The film stars Li Lili, one of the biggest silent film stars of the period. It was a star vehicle for Li Lili in the early stages of her career, and the seventh film of director Sun Yu, who was the best-known auteur of Shanghai cinema during the 1920s. She had also portrayed a similar role involving seduction for espionage in Sun Yu's The Great Road (1934).

The film was also created in commemoration and celebration of the Kuomintang Party's successful completion in the Northern Expedition. Director Sun Yu's films were intended for nationalist propaganda and Daybreak presents a narrative of redemption as a soft film - the concept where cinema is created as a form of entertainment and a means of aesthetic presentation above all else. The narrative openness encourages and allows for cinematic audiences to develop their own political interpretations and, in this film, for "left wing" or "pro-CCP" messages to emerge from its mise en abyme, apart from the apparent "pro-KMT" message.

== Plot ==
=== Arrival at Shanghai ===
Lingling originates from a rural fishing village, the heavy taxes and levies prompt her to move to the bustling city of Shanghai in search of a better life alongside his cousin, Zhang. After settling in Shanghai with her, Lingling and her cousin eventually secures a job working at a silk factory.

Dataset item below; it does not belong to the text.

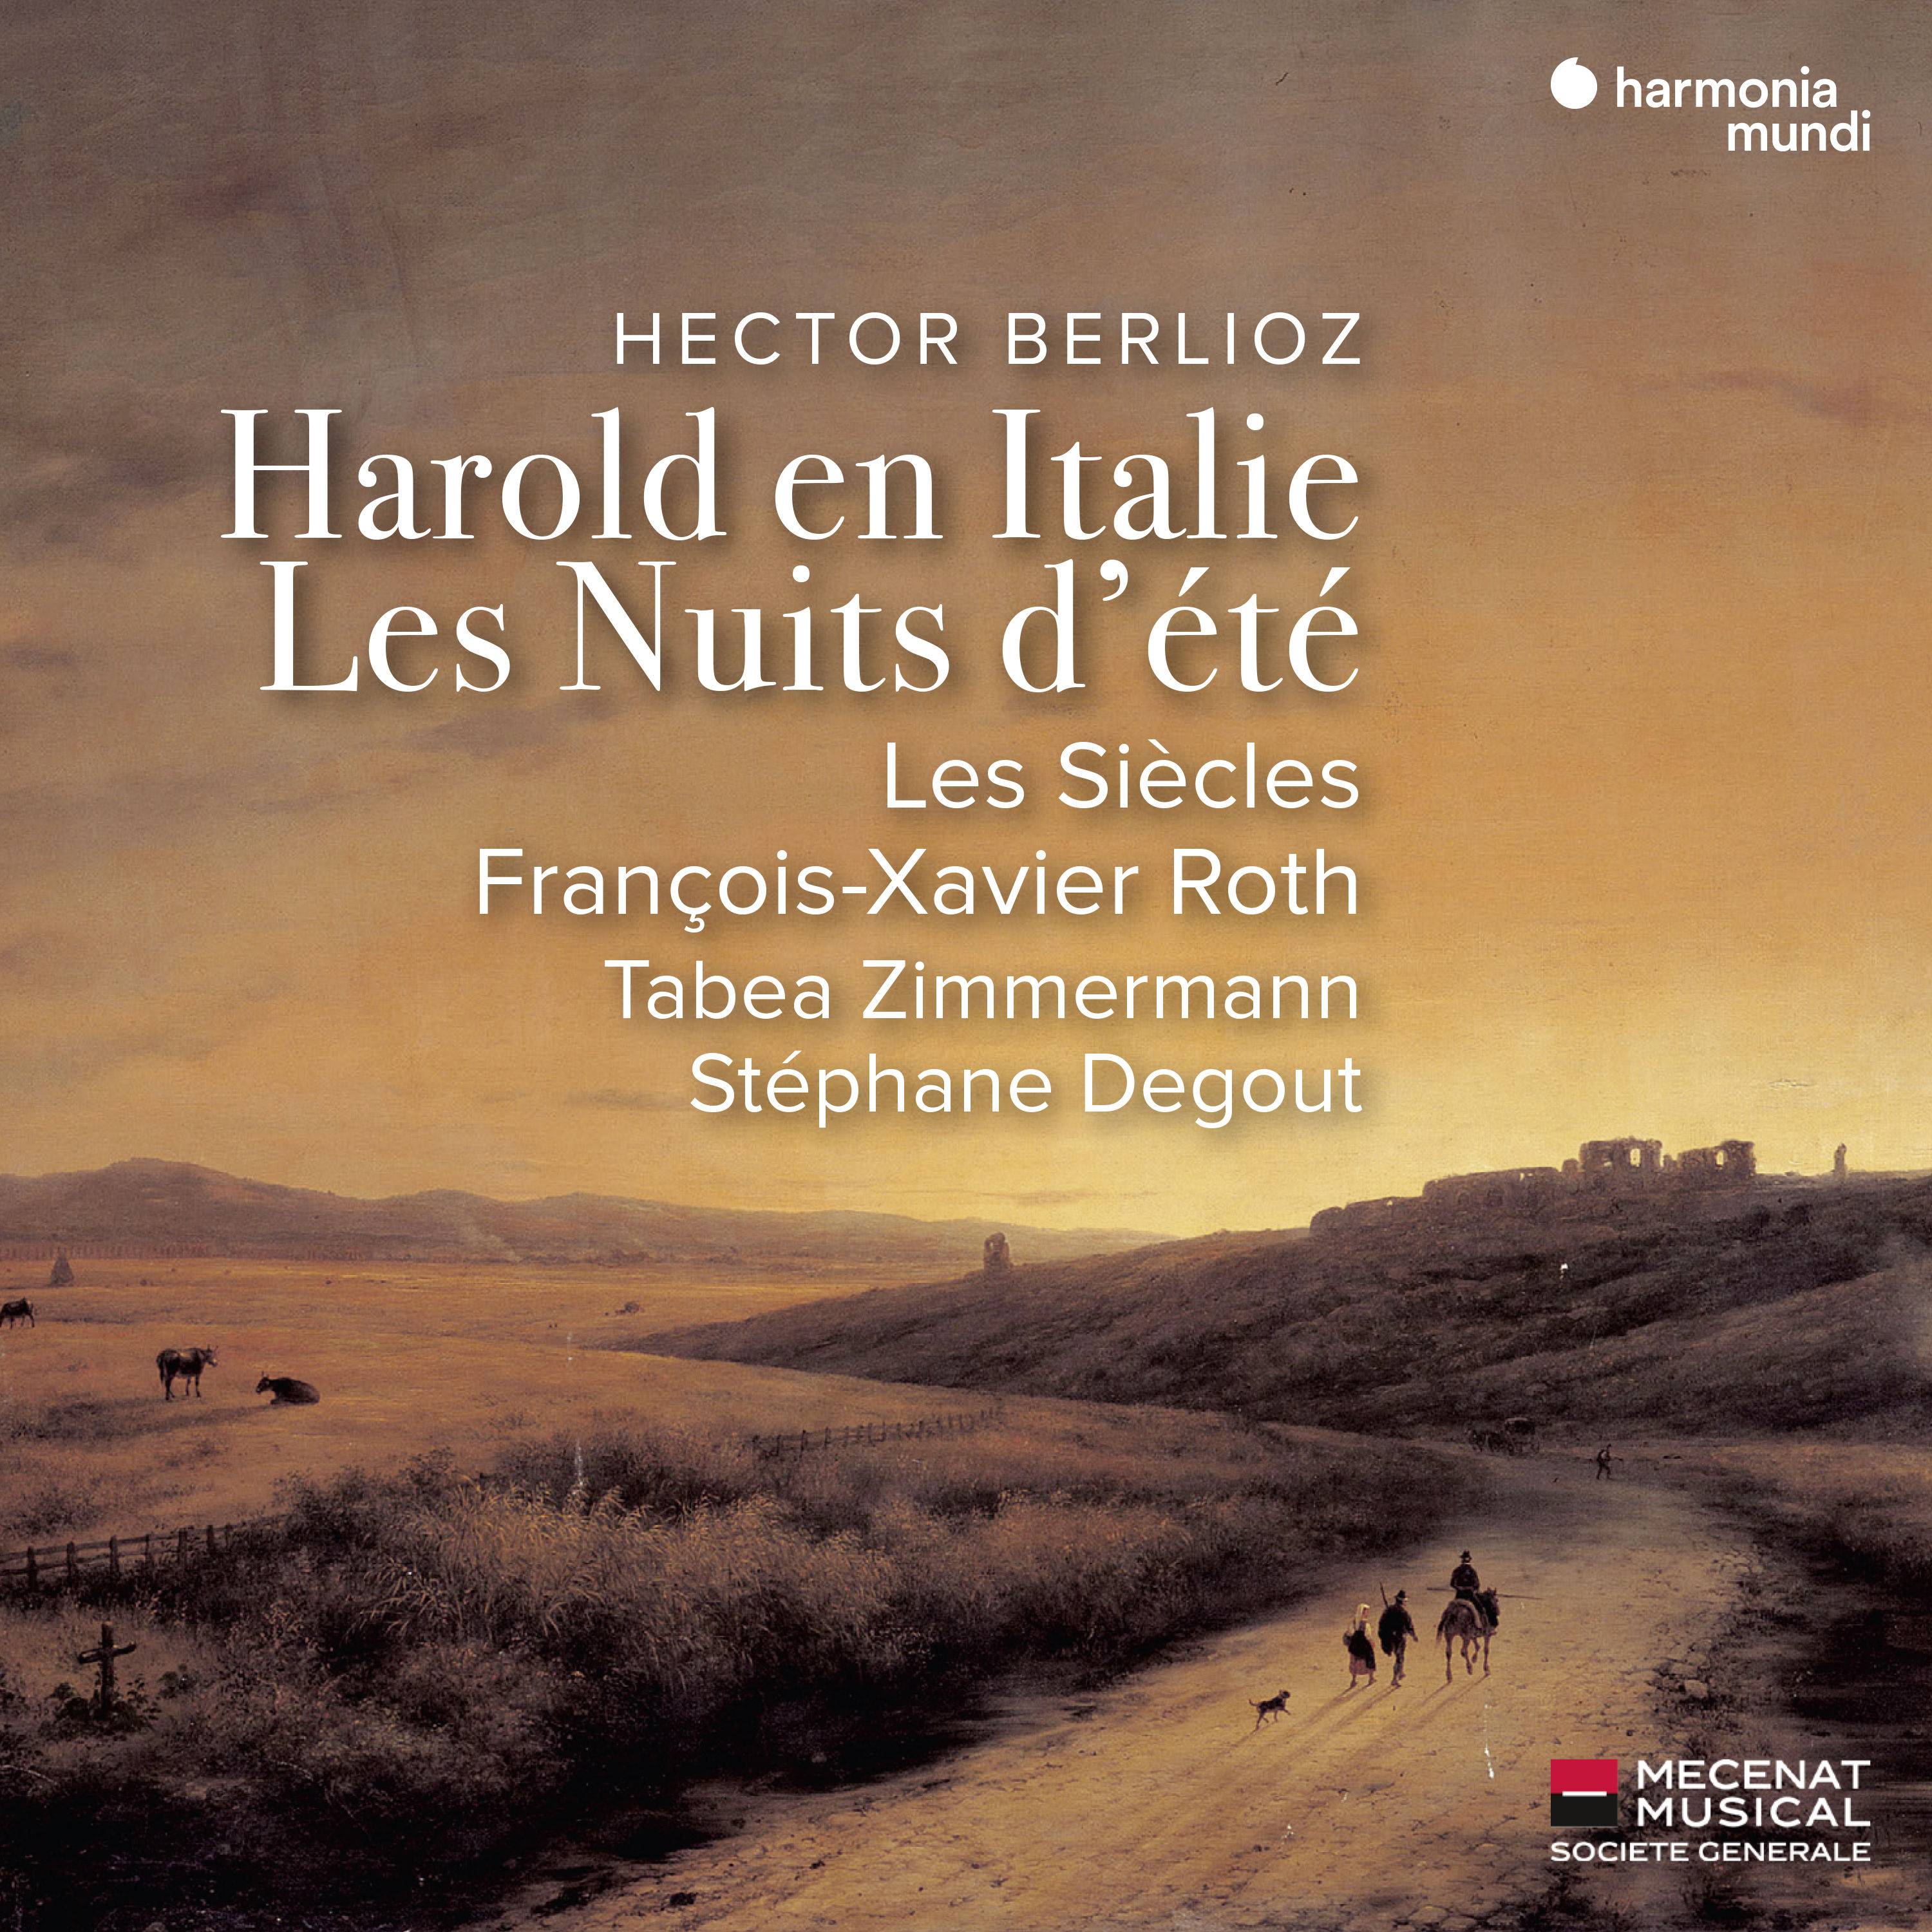 Les Siecles - Hector Berlioz: Harold en Italie, Les Nuits d’ete (2019) [FLAC 24bit/48kHz]

=== Betrayal and Descent ===
One day, Lingling has been swapped forcibly to night shifts. Cousin Zhang tries to stand up but is fired from the job. The two separates as Cousin Zhang lands a job at a seafaring ship.

A few days later, under the pressure of the silk factory manager, Lingling's older cousin betrays Lingling by allowing the manager to intoxicate and rape Lingling under the guise of a business meeting. Afterwards, Lingling returns to her home but soon attacked by an undisclosed man. Fat-brother-in-law comes to rescue but is pushed aside by Lingling.

Lingling, under a trance and her reminiscence of her hometown, walks down the sketchy part of Shanghai. An old man exploits her vulnerability and sells her to a brothel.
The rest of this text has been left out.